William Robert de la Cour Shirley (13 October 1900 – 23 April 1970) was an English cricketer. A right-handed batsman and right-arm fast-medium bowler, he played first-class cricket between 1922 and 1925, primarily for Hampshire. He also played first-class cricket for Cambridge University and the Free Foresters in addition to representing the Nigeria national cricket team.

Biography
Born in Marylebone in 1900, William Shirley was educated at Eton and Cambridge University, playing cricket for both institutions. He made his first-class debut in 1922, playing for Free Foresters against Cambridge University. He made his debut for Hampshire in a County Championship match against Warwickshire, a match that was described by Wisden as "extraordinary". In the match, Hampshire were bowled out for just 15 in their first innings and were forced to follow on 203 runs behind. They then scored 521 and won the match by 155 runs.

He played ten more County Championship matches for Hampshire that season, and played a further 19 the next season. The 1924 season started with him playing for Cambridge University against various county sides, the Marylebone Cricket Club (MCC), the Army, the Free Foresters and South Africa. He gained his blue when he played against Oxford University at Lord's in July. In addition to his matches for the university, he also played 14 County Championship matches for Hampshire.

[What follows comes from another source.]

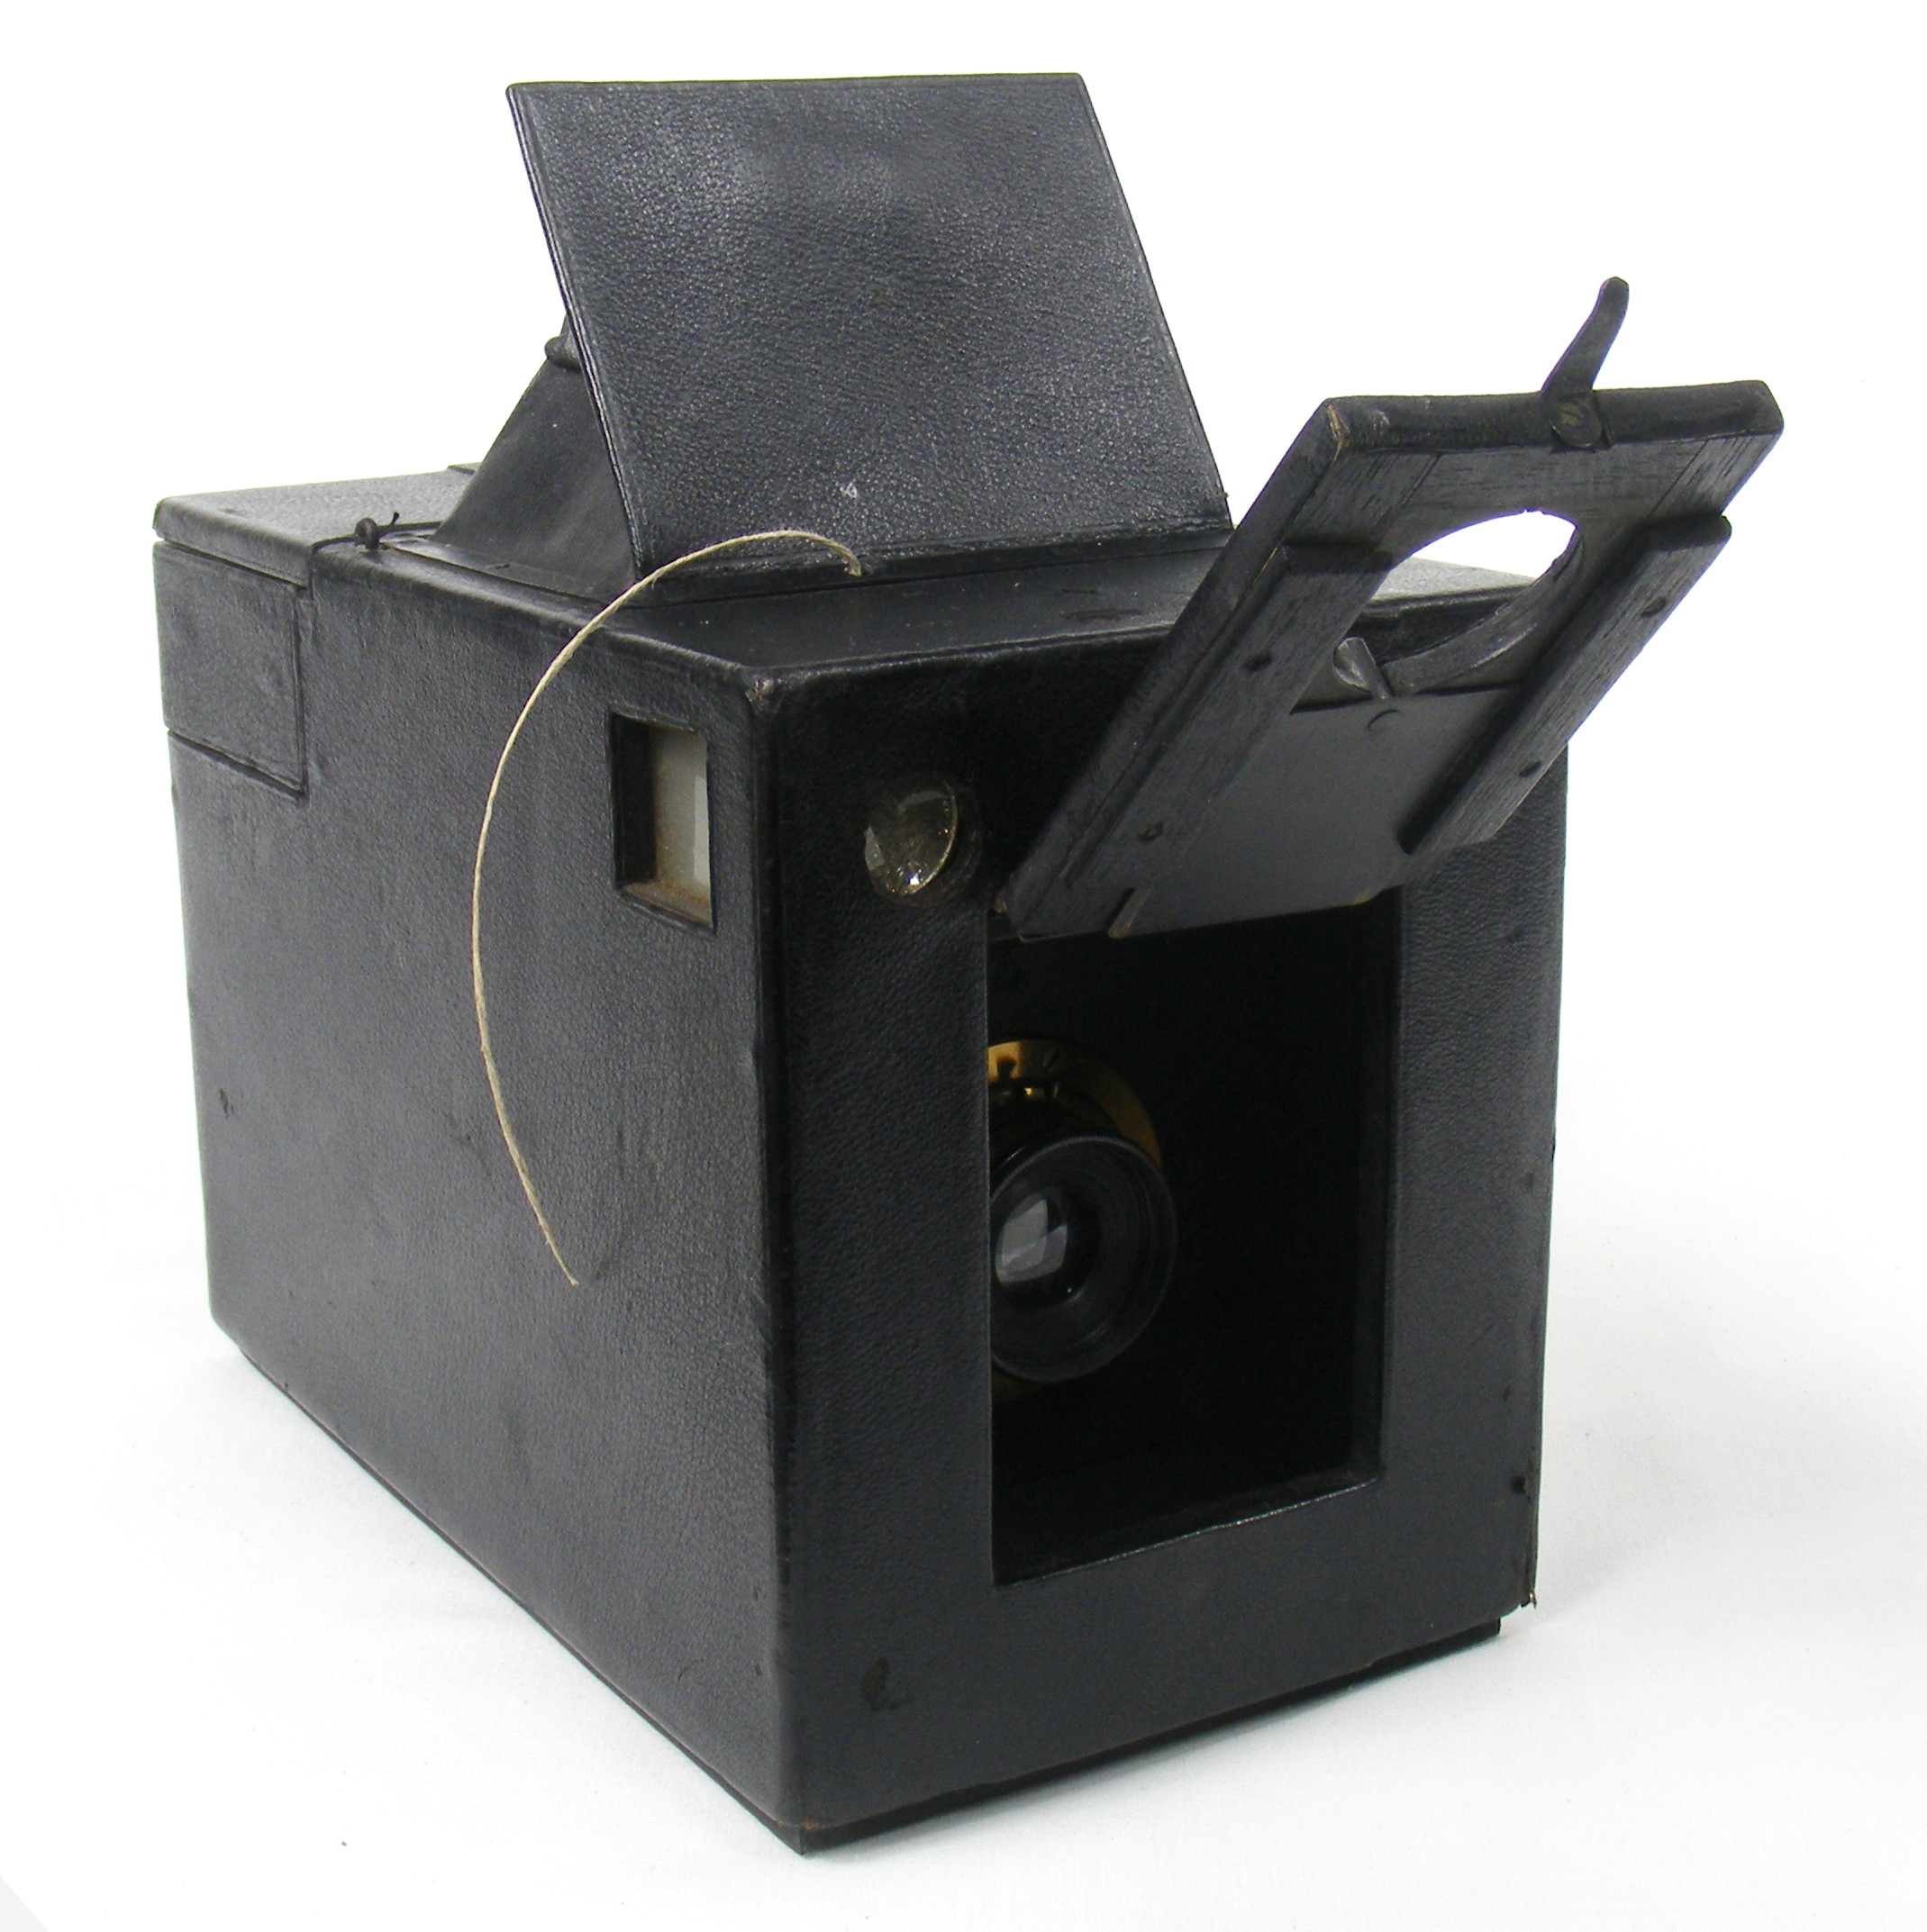 Image of Watson Vanneck camera (front view)
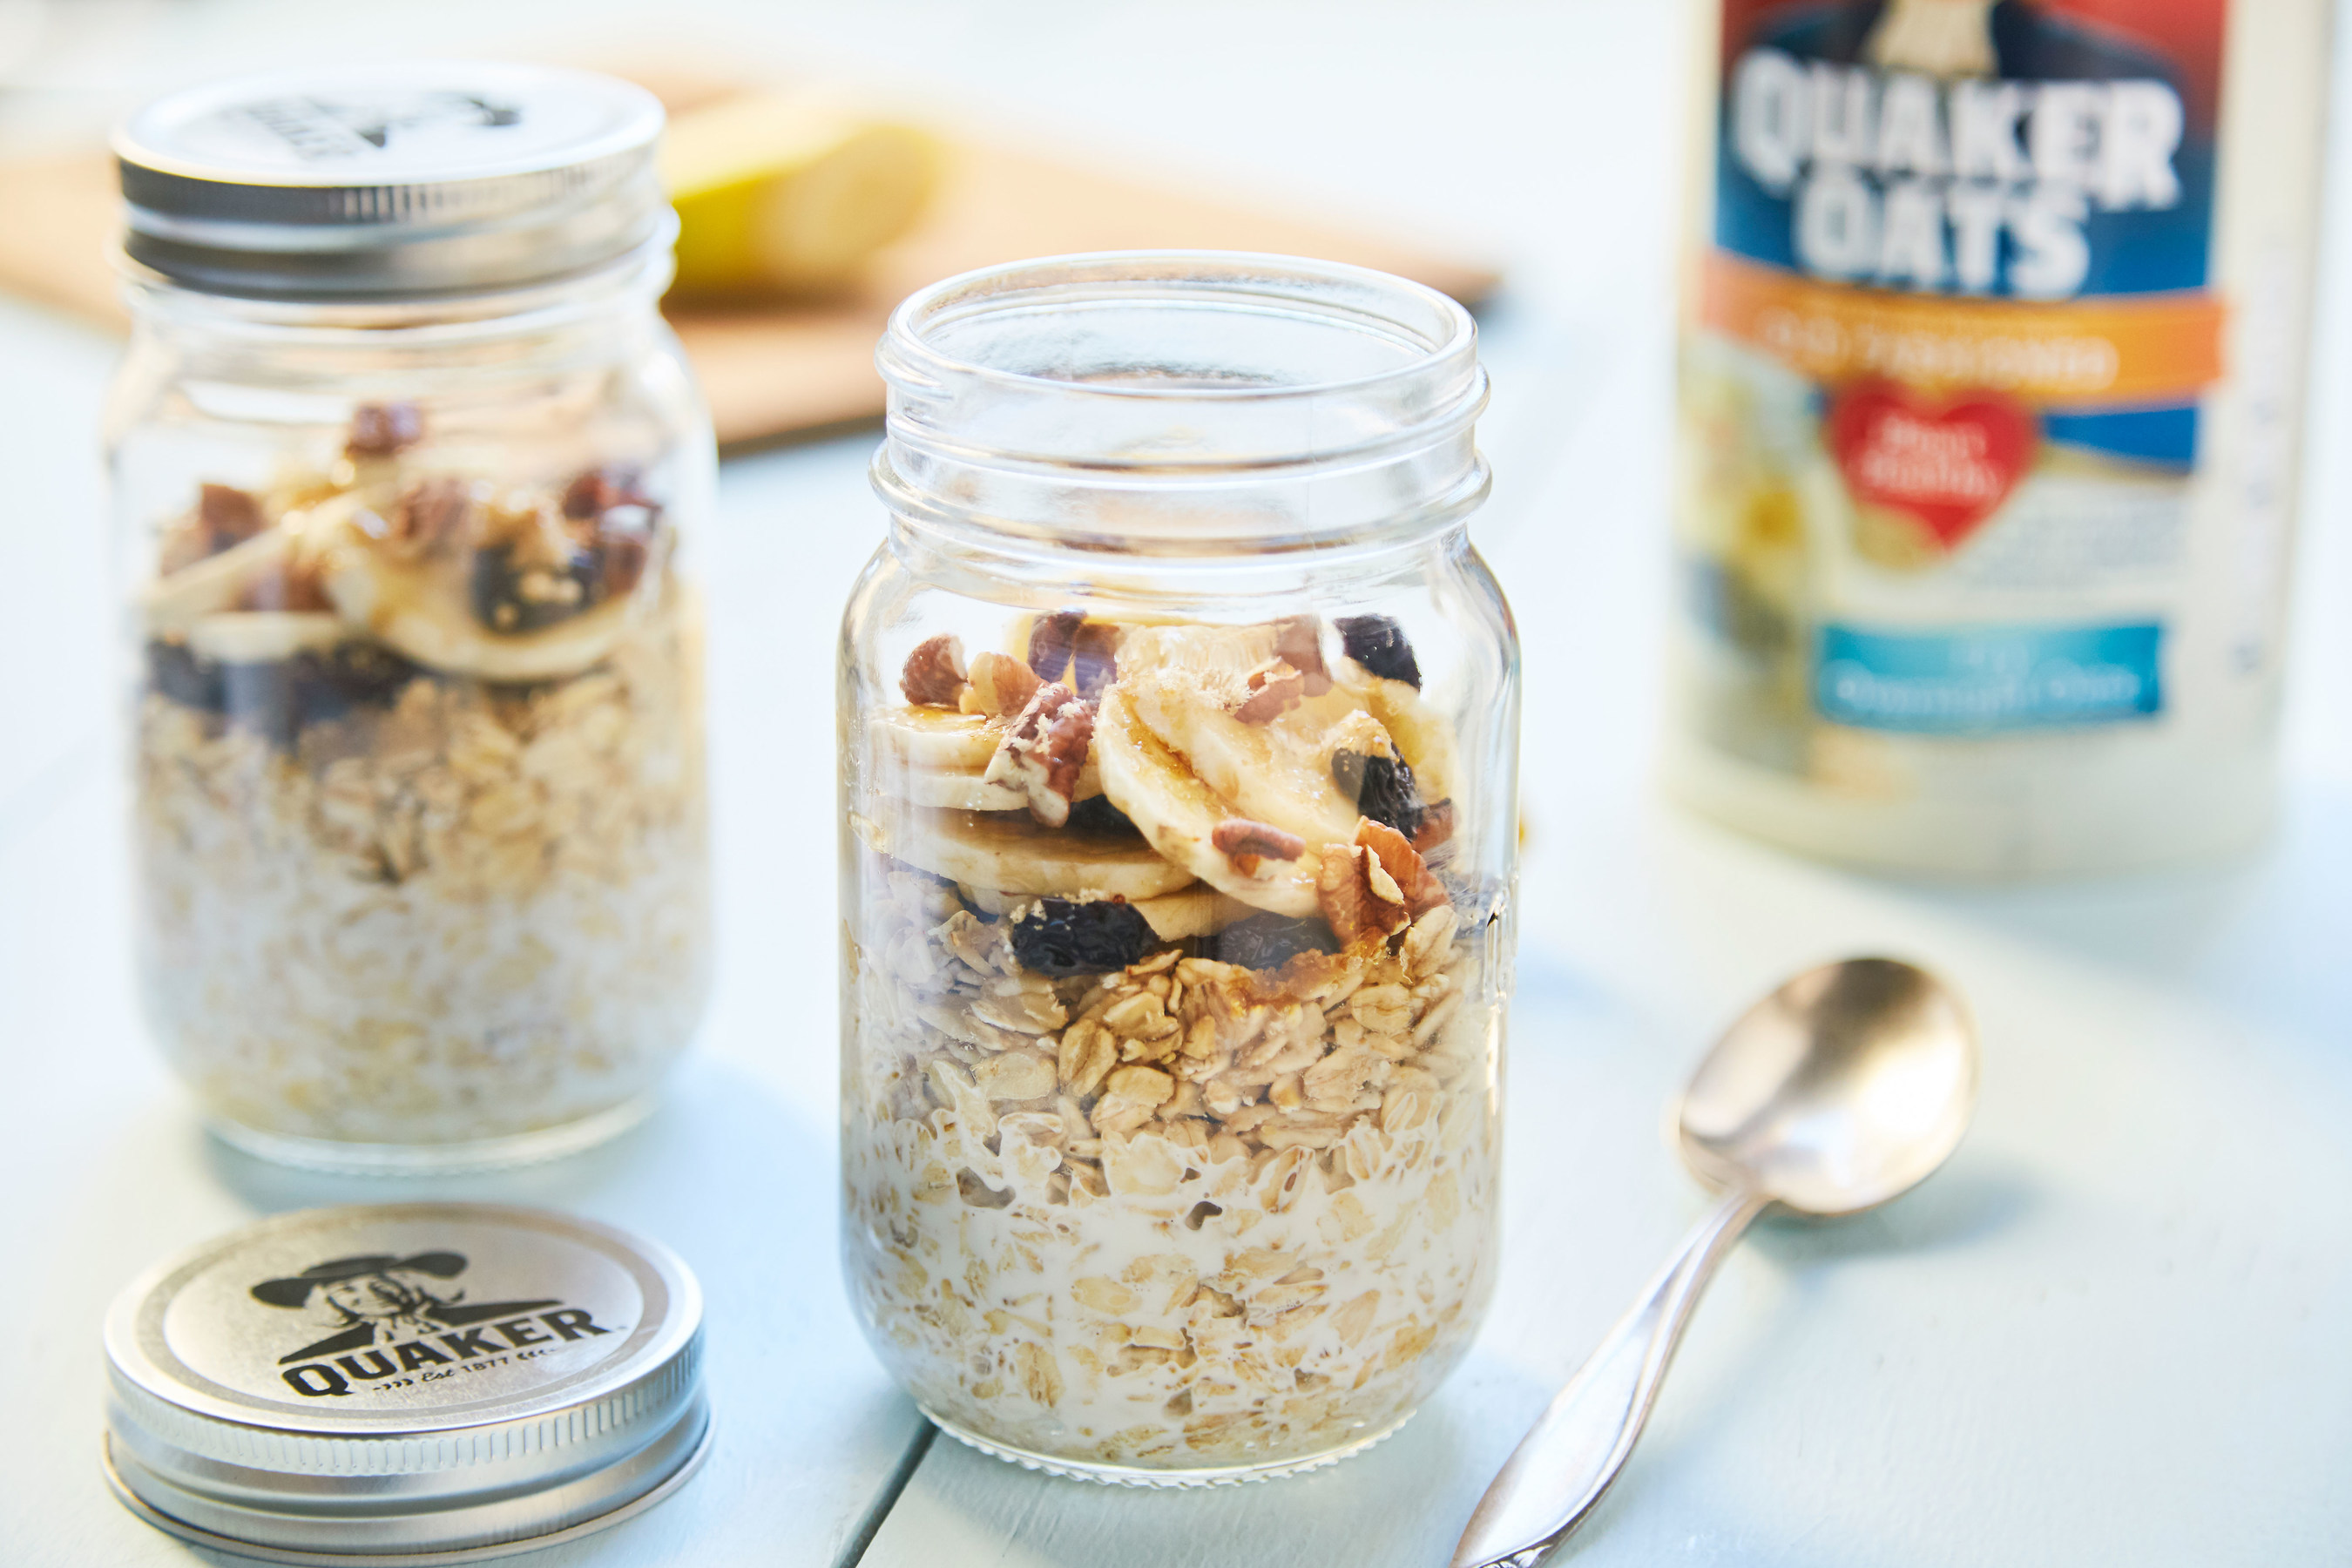 Beginning Tuesday, Dec. 6, Chef'd will add three Quaker Overnight Oats meals to its meal-kit marketplace, making it one of the only major meal delivery services to offer breakfast. At $10 for a double serving, consumers will be able to choose between Blueberry Honey, Strawberry Blueberry Maple Syrup or Dried Cherry Banana Pecan & Brown Sugar Overnight Oats meals - all featuring Quaker Old Fashioned Oats.

His last season in first-class cricket was in 1925, when he played four County Championship matches for Hampshire in May, the last coming against Lancashire. This was not the end of his cricket career though, as he played five times for Nigeria against the Gold Coast whilst living there between 1928 and 1938. He died in Bognor Regis in 1970, aged 69.

Cricket statistics
In his 62 first-class matches, Shirley scored 1458 runs at an average of 17.78 with a top score of 90 made for Hampshire against Glamorgan in his first season. He took 81 wickets at an average of 23.60, with best innings bowling figures of 4/10 for Cambridge University against Lancashire in 1924.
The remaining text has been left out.